那是月色皎洁的晚上,他坐在亭子里轻抚那把桐木琴。已是料峭春寒,已是又一年。他垂着头,手指轻拨琴弦,有呜咽的声音流散在微凉的夜风中。一曲方停,他抬头看着幽幽月色,唇角弯起,曲不成曲,调不成调,若是你听了,可是会怪我荒疏技艺?
他收了琴,背在身后,走出亭子,往那一家深夜仍亮着灯火的酒肆而去。
或许是来酒肆多次,或许是他常年背着那把琴,酒肆老板在他进来的时候,已给他端上了他常要的酒水,又默不作声地退回柜台后。
杯中酒液醇香,他饮了一口,唇齿间满是辛辣甘甜滋味。本就是不善饮酒的人,他喝了很多次,却还是忍不住呛出了眼泪。
即便如此,他还是一杯接一杯地仰头灌下,任那滋味在鼻端,在身体的各处弥漫,仿佛只有如此似乎才能将什么稍稍留住,哪怕只是刹那,也好。
倒在桌上的时候,他的眸里映出那摇曳灯火迷离,然后有人轻步过来,在他半倒在酒桌的身上投下一片阴影,那人伸手落在他的肩上,轻推了推他,有陌生的温度从肩头传来,他撑着头起身,看着那人忽然恍神轻唤着,蜀黎。
蜀黎,那个陌生到足以沉淀在岁月深处的名字。

国亡的时候,他连同那些来不及逃脱的宫人一起被锁进重重宫苑深处。没几日,有士兵给他们戴上沉重的镣铐,押着他和宫人们去服苦役。

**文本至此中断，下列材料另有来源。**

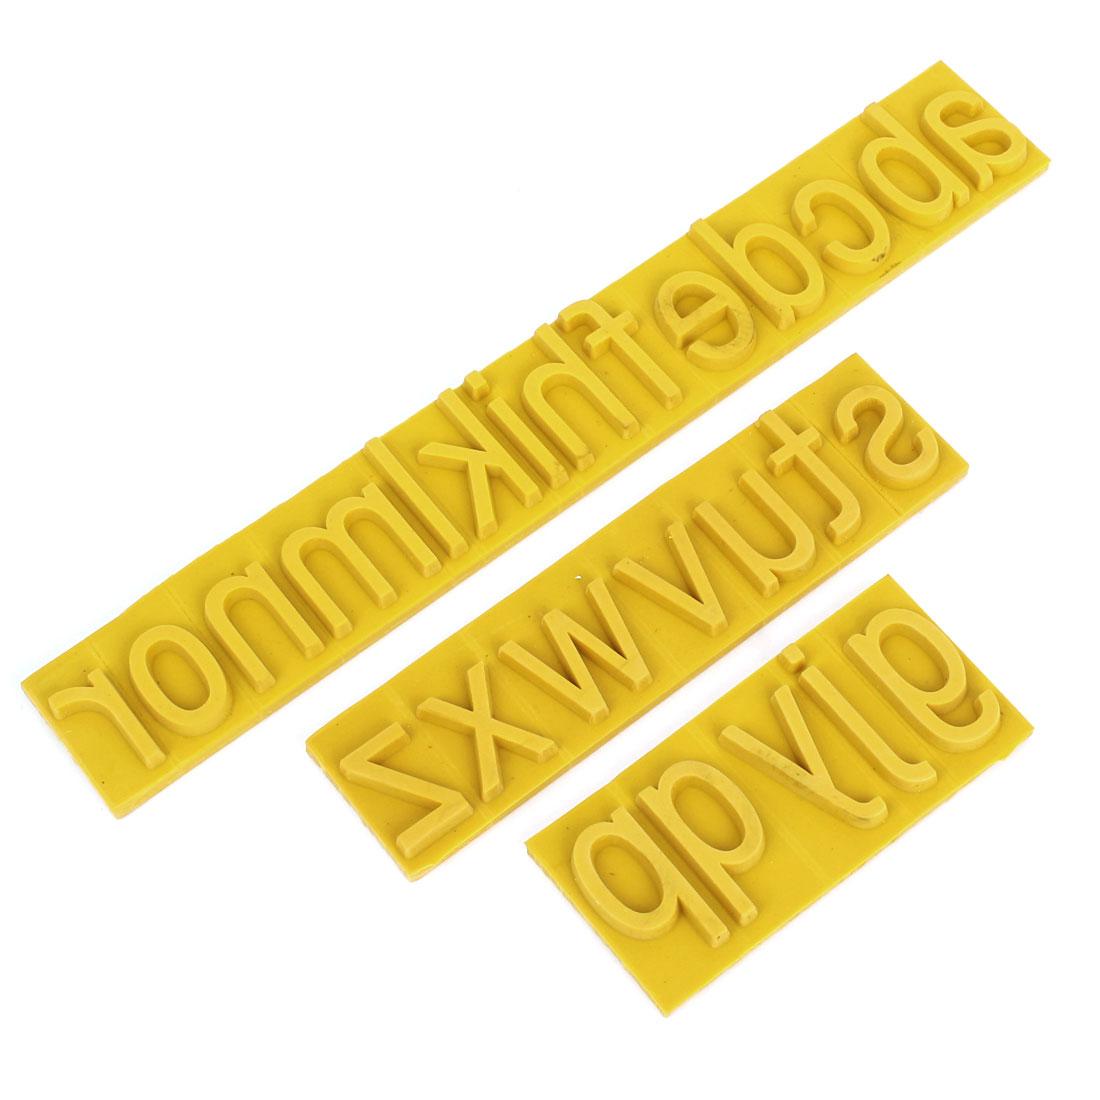 "1"" Lowercase Letter Rubber Stamp Coder Sets for Roller Printer"

向来抚惯琴弦的手指搬起沉重的石料,尖利的棱角刺破手心拖出黏腻的血液,他咬牙弯着背脊慢慢向前走,带着荆棘的长鞭在空中甩出噼啪响声,落在背上划烂单薄的衣裳,带起一道道淋漓血肉。
“快点!”监工的士兵扬着长鞭催促。
额上的汗液滴在苍白干裂的唇上,他抿了抿,舌尖尝到一点咸腥味道。他不敢停,就只能慢慢往前走,往前走,可眼前的路似乎永远也走不到尽头。
无风无月的夜晚,只能从开着的窗望到墨色天幕里那些晦暗星辰。身上的伤口疼得睡不着,他爬起来望着那浓稠夜色。远远地,不知哪一处有宫人聚在一起低沉哭泣,飘散在风中。
只觉麻木。
国已亡,自己此生也如浮萍蝼蚁一般,归乡已成奢望。他借着昏暗的灯火看血迹斑斑的手,恐怕此生再也摸不到琴了吧。

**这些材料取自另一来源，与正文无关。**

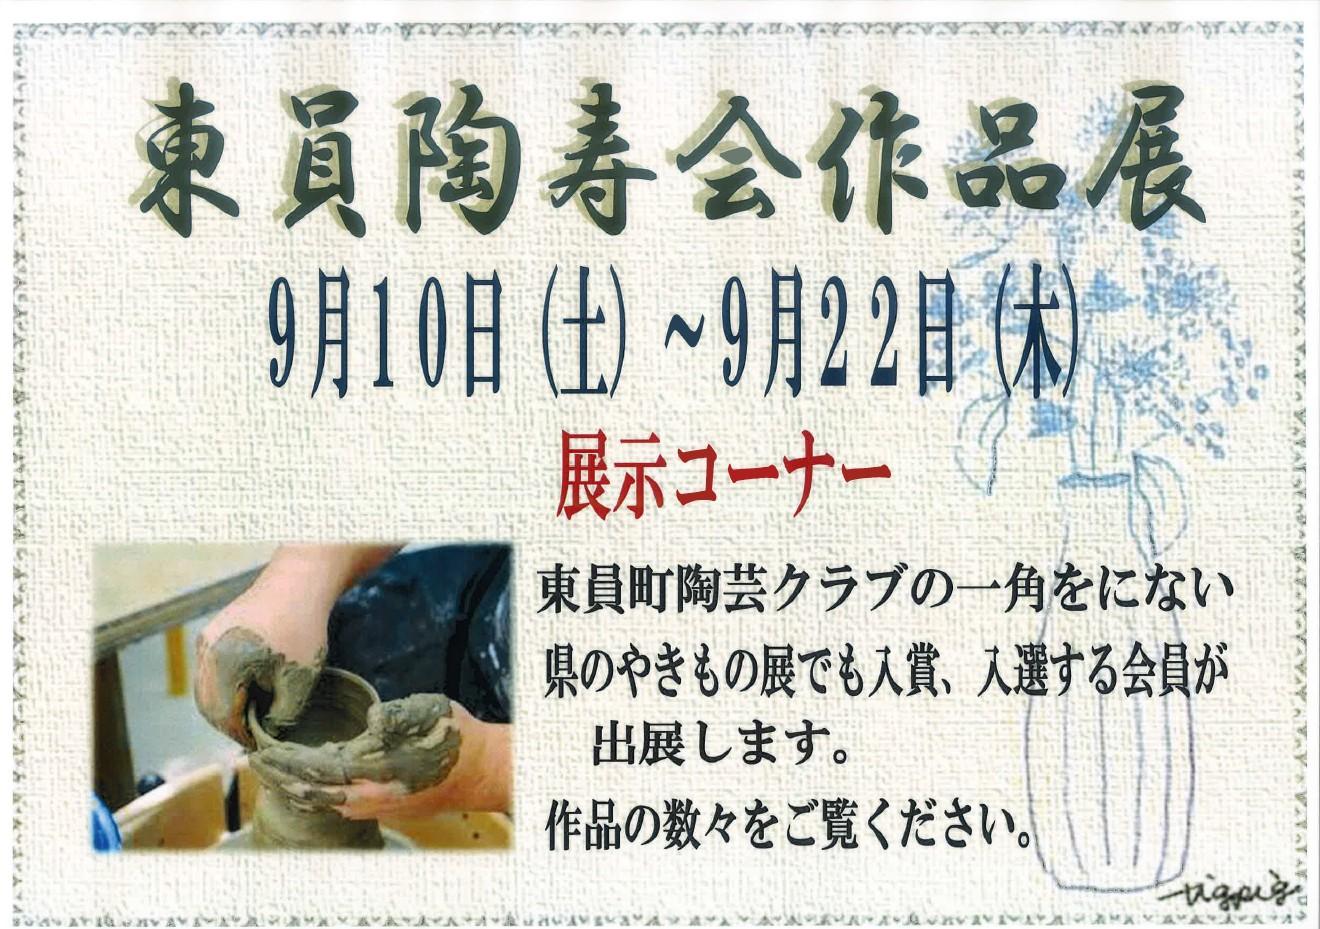 http://www.ajisainosato.com/info/images/2016y08m28d_181449084.jpg

记不清又这样过了多少个日夜,他终是发了高热,却不能休息,监工的士兵高高扬起鞭子,打在病弱的身子上,他被那力道冲得踉跄了几步,背上的石头砸在地上,溅起一片尘土。
鞭子裹挟着风又落了下来,背上结了痂的伤口裂开,温热湿润的血浸透衣衫。他不太能觉不出疼,耳边似乎有不停的叱骂声传来,弯身去碰那落在地上的石头,却在碰到的时候一头栽倒下去。
是有谁伸手扶住了他,手里沾了他背上淋漓鲜血?有声音隔了千山万水般响在他的耳侧,像来自某个遥远又熟悉的地方,是他日日夜夜念着的故乡吗?

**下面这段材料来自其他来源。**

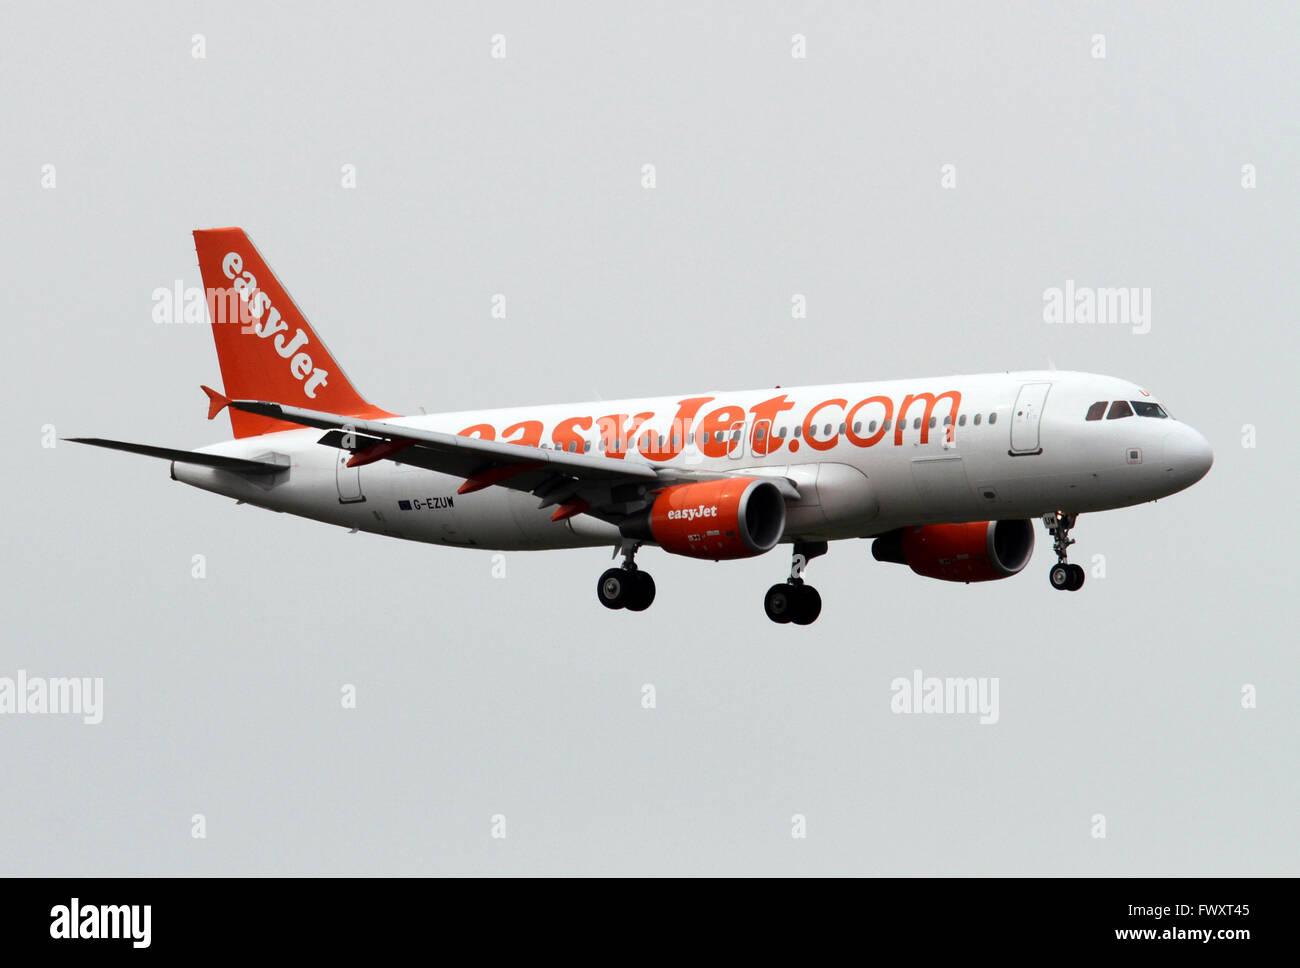 EasyJet, Airbus A320-214 at Linate airport, Milan, Italy Stock Photo

君王不知从哪里听闻他琴艺高超的事,特命人将他带到奢华的宫苑前为他弹奏乐曲。
他被人引着到了宫苑前,有宫人为他取了琴过来放在置好的桌案上。
那身份尊贵的君王坐在高台上,接受他和众人的拜见。
“听闻你琴技高超,今日便为寡人抚一曲吧。”
“诺”
他慢慢走向案台,手上的镣铐早已取下,只有脚上还禁锢着沉重枷锁,随着走动,都有金属相碰的清脆声响。
有人走到他的面前,蹲下,为他解开脚上的镣铐。他低头,撞上那人的眼,明亮的琥珀色瞳眸映着晴朗天空下他的脸。
是君王身旁静立的玄衣侍卫,却有那样明朗笑容。他笑看了他一眼,退回了君王身侧。
手指轻拨琴弦,有清浅琴音流泻在翻飞的指尖,他垂着头,目光在琴上游走,心思却飞到千里之外的遥远故乡,他此生无望的故乡。
“采薇采薇,薇亦作止。曰归曰归,岁亦莫止……”
侍卫不知何时哼起了曲子,君王没有阻拦,饶有兴致地听他唱完。他亦是讶异,那声音陌生到熟悉。
是什么时候听到的呢?
他发了高烧,昏沉睡着。有人轻抚他额头,手掌温热,擦去头上的冷汗。身上的伤口似乎还在痛,用冰冷的药膏涂过,疼痒难忍,他伸手去抓,却被那擦过冷汗的手牢牢抓住,不能挣脱。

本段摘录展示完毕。